RECORDS FOR THIS TASK —

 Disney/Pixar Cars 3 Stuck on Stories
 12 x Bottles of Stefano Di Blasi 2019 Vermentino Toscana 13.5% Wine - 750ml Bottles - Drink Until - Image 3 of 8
---
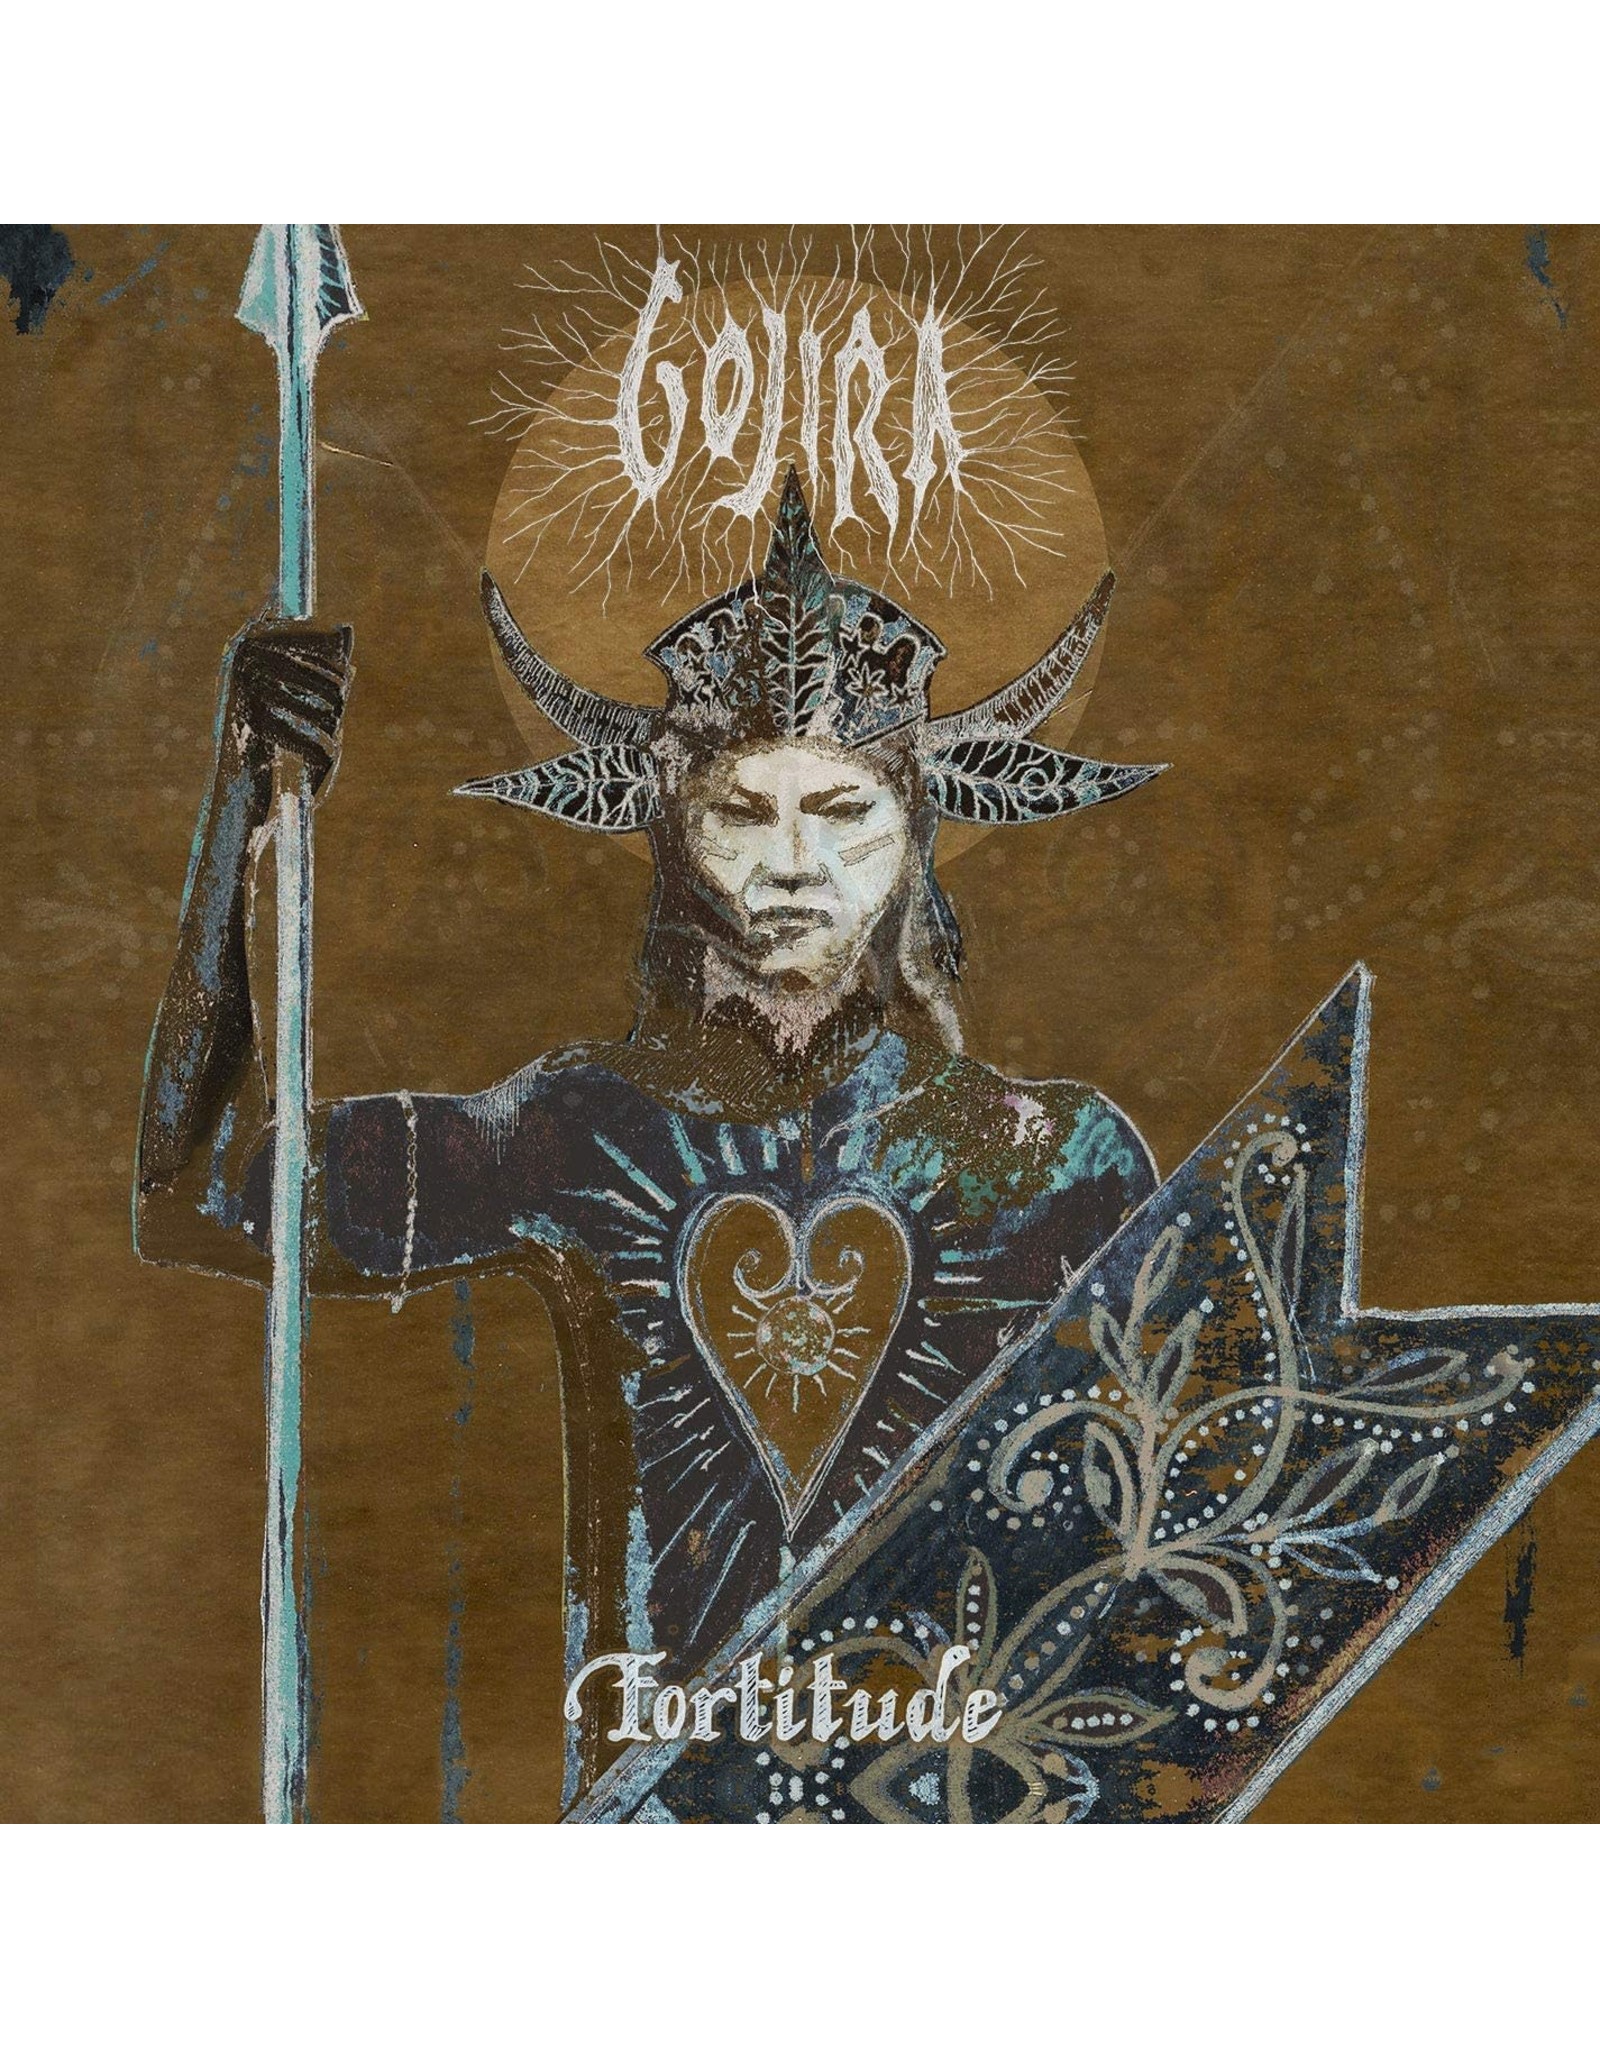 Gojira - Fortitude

WHAT THE TASK ASKS — Retype the records above, but only those lines that fall between the line containing "Disney/Pixar Cars 3 Stuck on Stories" and the line containing "12 x Bottles", with both of those lines included, exactly as written.

ANSWER BELOW —
 Disney/Pixar Cars 3 Stuck on Stories
 12 x Bottles of Stefano Di Blasi 2019 Vermentino Toscana 13.5% Wine - 750ml Bottles - Drink Until - Image 3 of 8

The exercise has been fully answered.